Let us fix for a while an $\epsilon>0$.

Let $a$ run in the set countable set $A=\{2\epsilon.4\epsilon,6\epsilon,\dots\}$.

Then the event $W_1>0$ is $$\bigsqcup_{a\in A}\{a-\epsilon<W_1\le a+\epsilon\}\ . $$ We split correspondingly $W_2>1$, let us fix an $a\in A$, then conditioned by $\{a-\epsilon<W_1\le a+\epsilon\}$ we have $$ \{W_2-W_1 > 1-a+\epsilon\} \subseteq \{W_2 > 1\} \subseteq \{W_2 -W_1 > 1-a-\epsilon\} \ . $$ So $\Bbb P(\ W_1>0\ ,\ W_2>1\ )$ is between the bounds $$ \sum_{a\in A} \underbrace{\left(\int_{a-\epsilon}^{a+\epsilon}\rho_1(t)\; dt\right)} _{2\epsilon\rho_1(t(a))} \cdot \underbrace{\left(\int_{1-a\pm\epsilon}^\infty\rho_1(u)\; du\right)} _{\Phi(a\mp\epsilon-1)} \ . $$ Here $\rho_1$ is the standard gaussian density, and $\Phi$ its repartition. The point $t(a)$ is an intermediate point suitably chosen in the interval $(a-\epsilon,a+\epsilon)$.
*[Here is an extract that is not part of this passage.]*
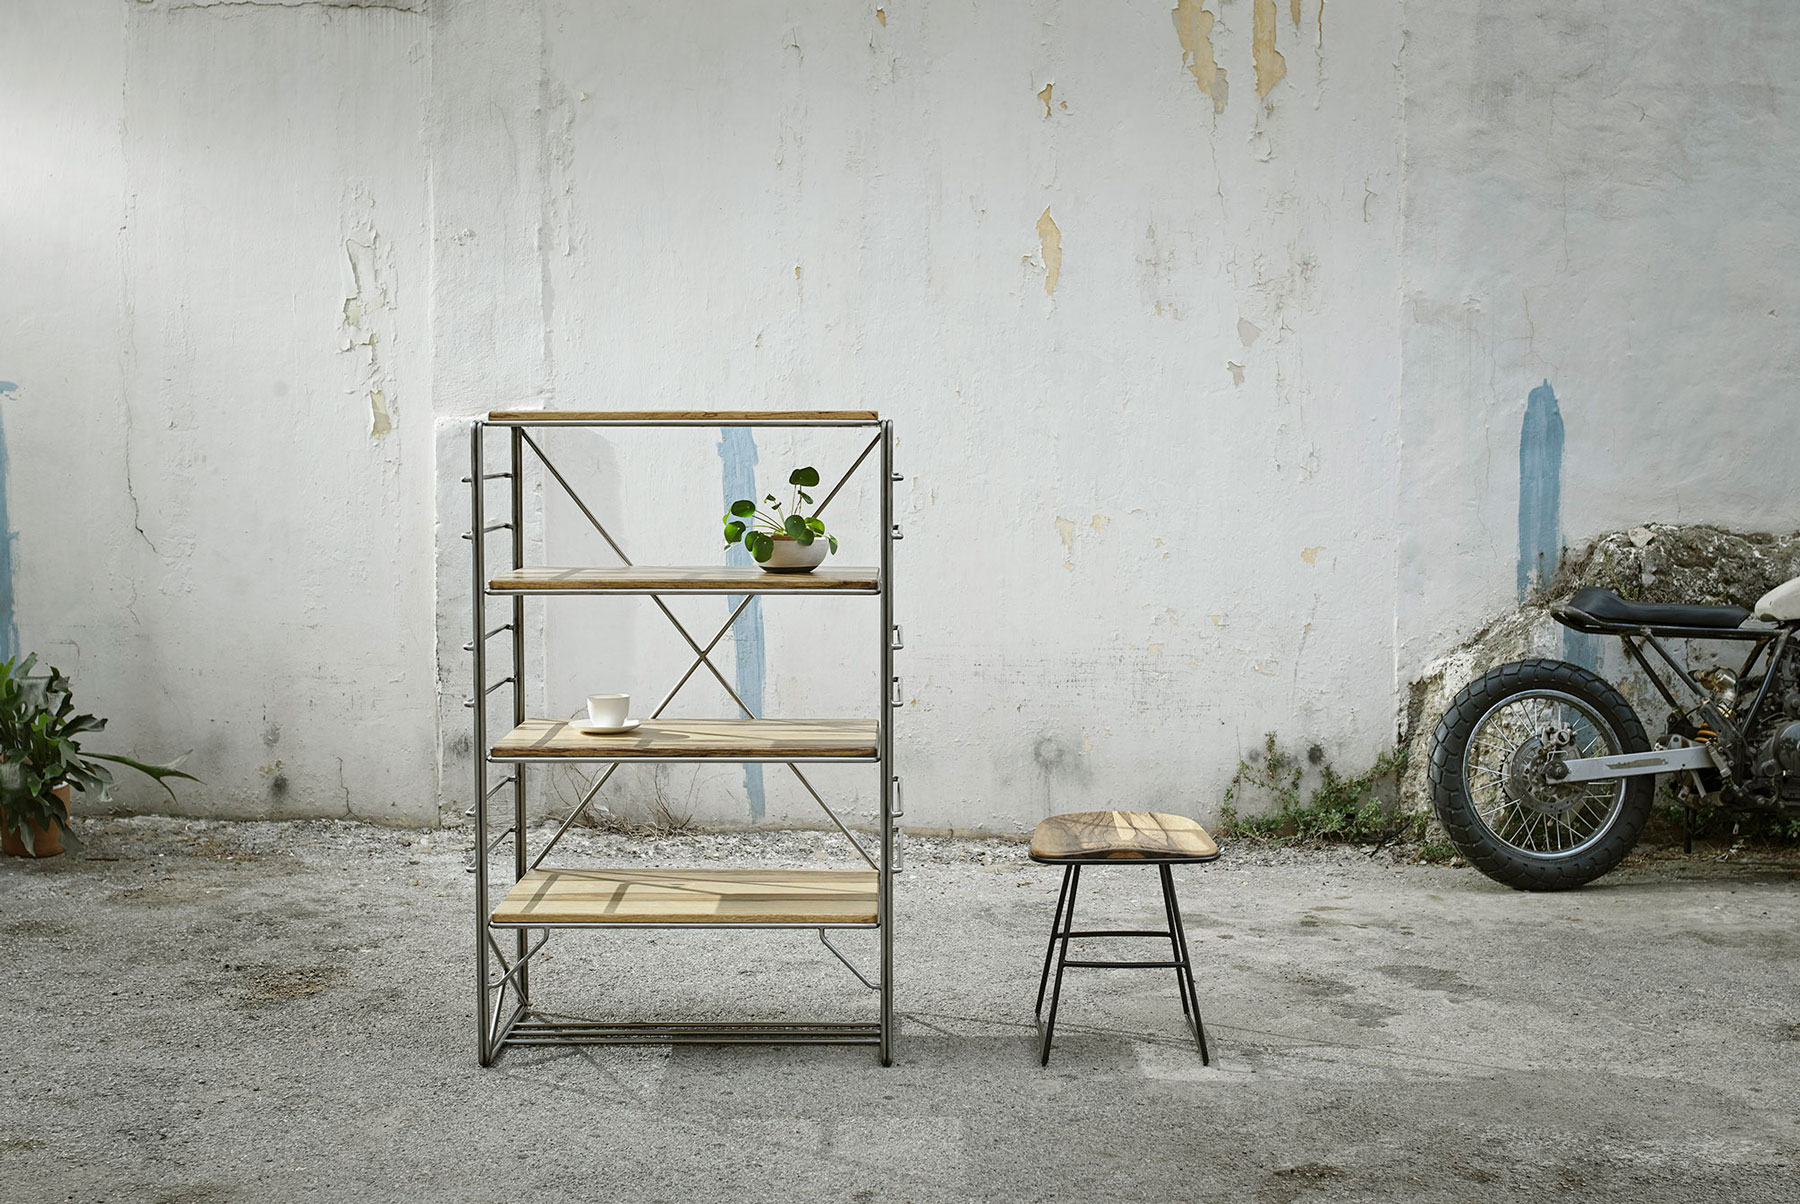 metal-and-wood-storage-wired-shelf-shelves.jpg

We take $\epsilon$ of the shape $\frac 1n$ and $a=\frac {2k}n$ with a running $k\in\Bbb N$, so in the limit we get a Riemannian sum, so the value $$ \begin{aligned} \Bbb P(\ W_1>0\ ,\ W_2>1\ ) &= \lim_{n\to\infty} \frac 2n\sum_{k>0} \rho_1\left(\frac{2k}n\right)\cdot \Phi\left(\frac{2k}n-1\right) \\ &= \int_0^\infty \rho_1(x)\cdot \Phi(x-1)\; dx \\ &\approx 0.21101\ . \end{aligned} $$ (One may write directly the integral.)

This was the complicated side. The product $\Bbb P(\ W_1>0\ )\cdot \Bbb P(\ W_2>1\ )$ is simpler. The first factor is $\frac 12$. The second factor is approx. $0.23975$. (Late in the morning, hope it's ok.)